After multiple delays while the prosecution scrambled to identify the unknown DNA, mostly by checking lab personnel and first responders, the judge lost patience and warned that he wanted this case brought to trail. The defense then requested funds to conduct Y-SRT testing on the other three girls. The prosecution fought it but the judge ok'ed the request.

On December 26, 2008, DA Ron Earle announced his retirement. At his final press conference he said of the Yogurt Shop case "We thought we had the right guys " ( note the passed tense).

On December 30, the Lab that did the resting on the three other girls announced their initial findings: two more more male profiles were identified from swabs taken from both Jennifer and Sarah that were different from the unknown profile from Amy and all four of the original suspects. One of these was matched to Jennifer's boyfriend but the other is still unmatched.

The only reasonable conclusion one can draw is that unknown male raped Jennifer first and then Sarah, thereby transferring some of her boyfriend's DNA. Also, none of the four suspects raped anyone, contradicting Springsteen and Scott's confessions.

At that point, amid further delays, both defense teams began fighting to get Springsteen and Scott out on bond. After six months, the judge relented and let the two out without bail to await their trial. He also gave a final deadline of October 28 2009 to bring the case to trial.

On the deadline, October 28th, Rosemary Lehmberg, the new DA, threw in the towel. She told the judge that they had not identified the two DNA profiles and were not ready for trial. The judge then dismissed the charges against the two. In her statement to the court, Lehmberg made it clear that she still thought the four were guilty and she expected to eventually re-file charges against them.

To this day, all of the detectives who were part of the investigation that led to the arrests and convictions are convinced that the four are guilty and the mystery DNA is a result of contamination. The two original detectives, Jones and Huckabay, are convinced they are innocent.
 
I just finished Beverly Lowry's book and I would like to have some discussion on this case. There were some unanswered questions in the book so I would appreciate any insight.

1) Although the 4 teenage boys were hooligans, troublemakers and petty thieves, they were not the types to commit a horrible, atrocious torture and killing. This was not a robbery and not a one-time event. This was done by someone evil who had done it before and would do it again. McDuff perfectly fits the bill. I understand he was cleared but why? Did he have an alibi that was ironclad? Most importantly, has his DNA been tested (surely his DNA still exists in other samples). He confessed too. And, because there were actually 3 unknown DNA samples, have all of McDuff's running buddies been thoroughly checked out? Austin Police Department needs to explain.

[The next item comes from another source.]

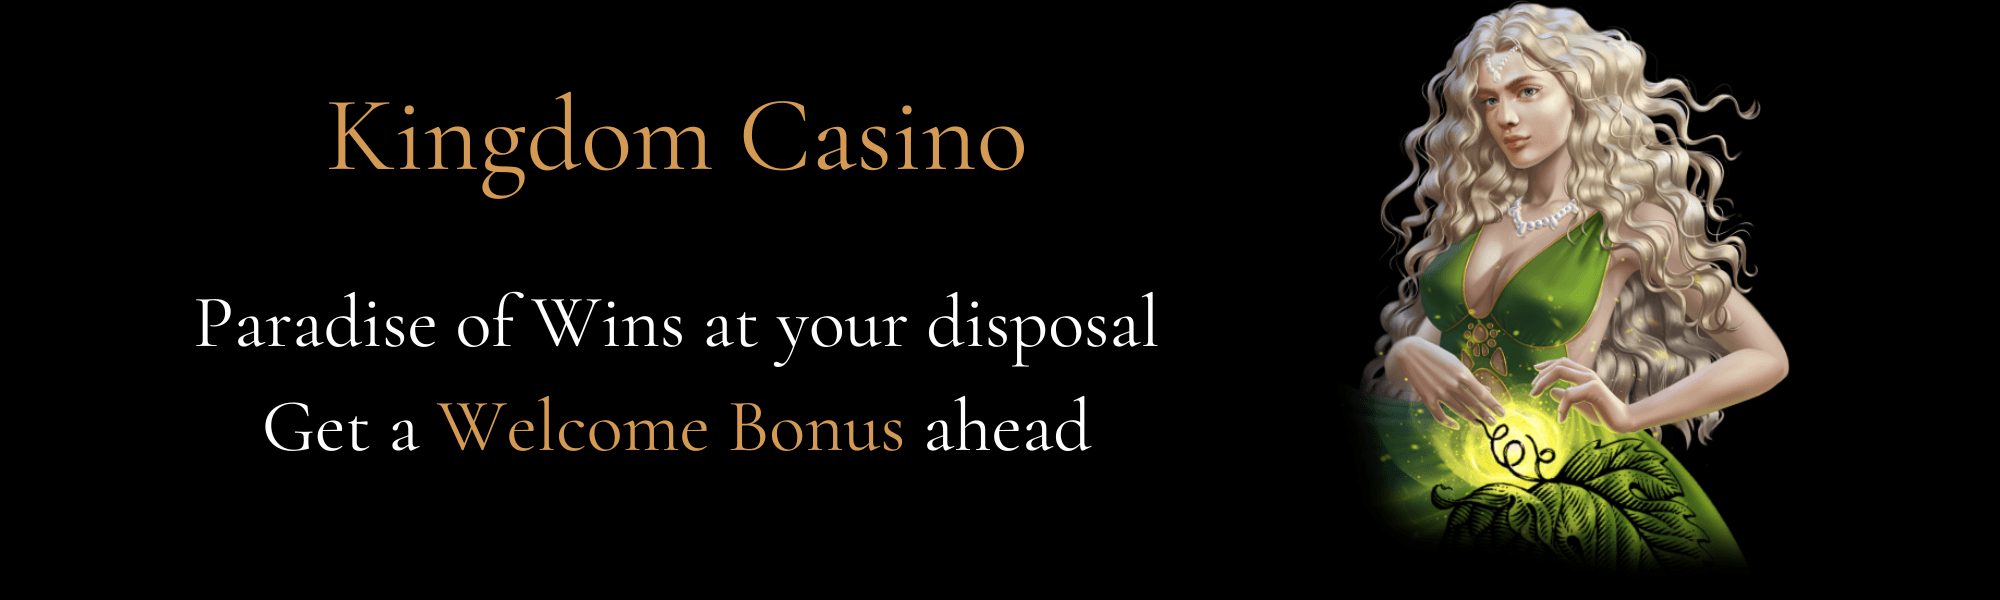 Kingdom Casino Bonus.png
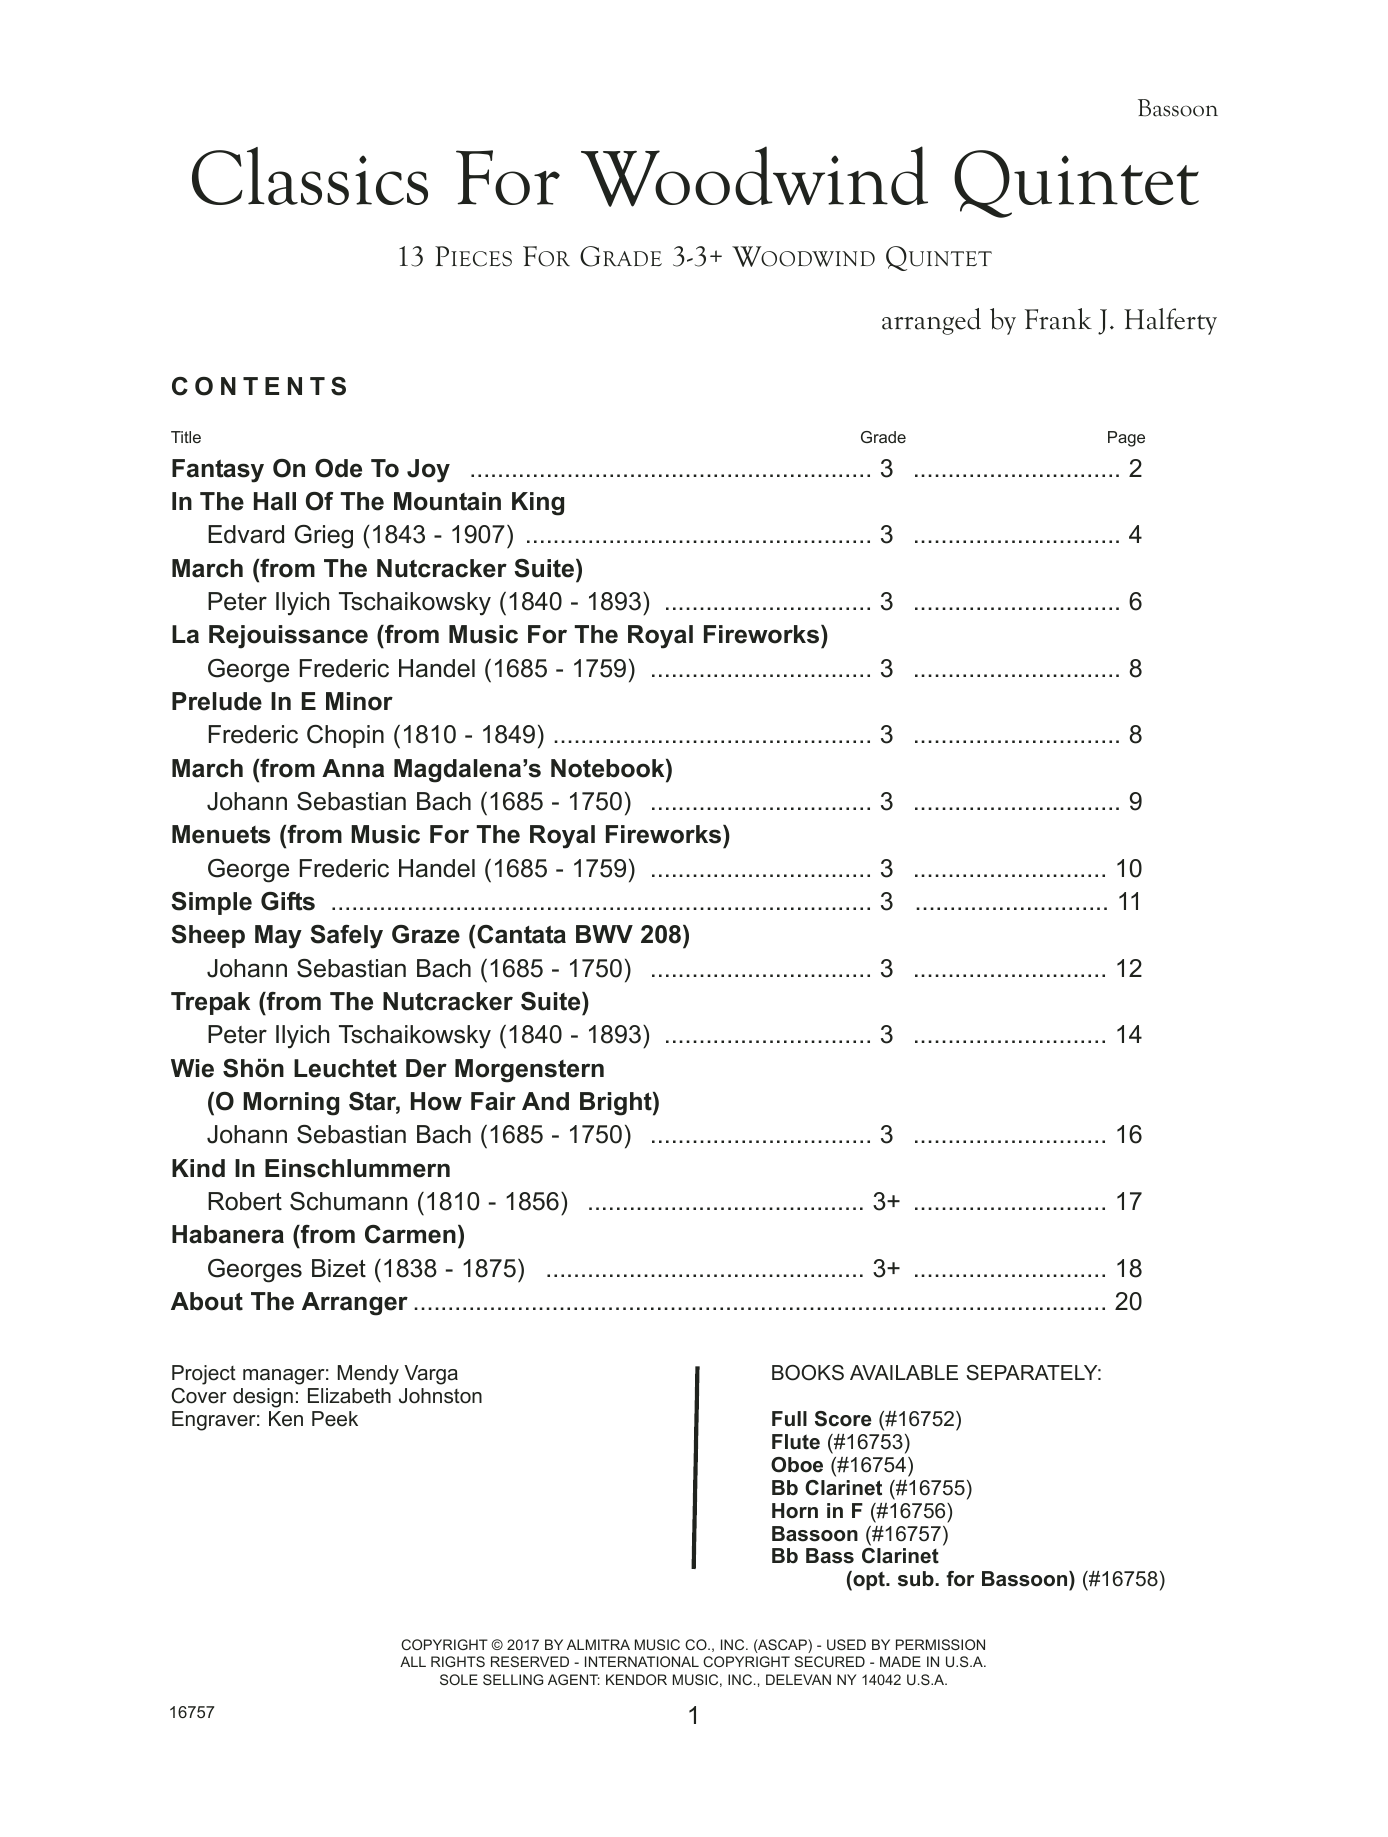 Download Frank J. Halferty Classics For Woodwind Quintet - Bassoon Sheet Music

2) Although it seems obvious that Springsteen and Scott were railroaded, some parts of their stories are still bothersome. The fact that Pierce volunteered (at the mall) that the gun he was carrying might have been used by someone else in the killings (which it actually wasn't) is disturbing. Why would he do that if he didn't think there might be some involvement? He was covering his tail. Also, how did Springsteen know (and could demonstrate) the contorted position in which Amy laid after she died? There weren't any photos of that released.

3) The book mentions in a brief paragraph near the end that Scott gave his gun to a friend to dispose of. That friend served time in jail for the act. But it is confusing as to whether or not he really disposed of the gun or made it up. Can anyone shed light on that?

Thank you
 
Very late to the party but my 2 cents...
If you noted the retractions that came from local media and Texas Monthly 6 months after allegations that Detective Merrill coerced confessions with a weapon, then you would have seen that Detective Merrill, in the full video, poked Scott in the back of his head with his finger.
As with most local residents all they remember from that particular moment is a freeze frame and a blacked out finger.
Please keep that in mind.
 
Generally in "confessions" by the innocent they were actually spoonfed information that they recite back or were given clues on what to say.
 
Generally in "confessions" by the innocent they were actually spoonfed information that they recite back or were given clues on what to say.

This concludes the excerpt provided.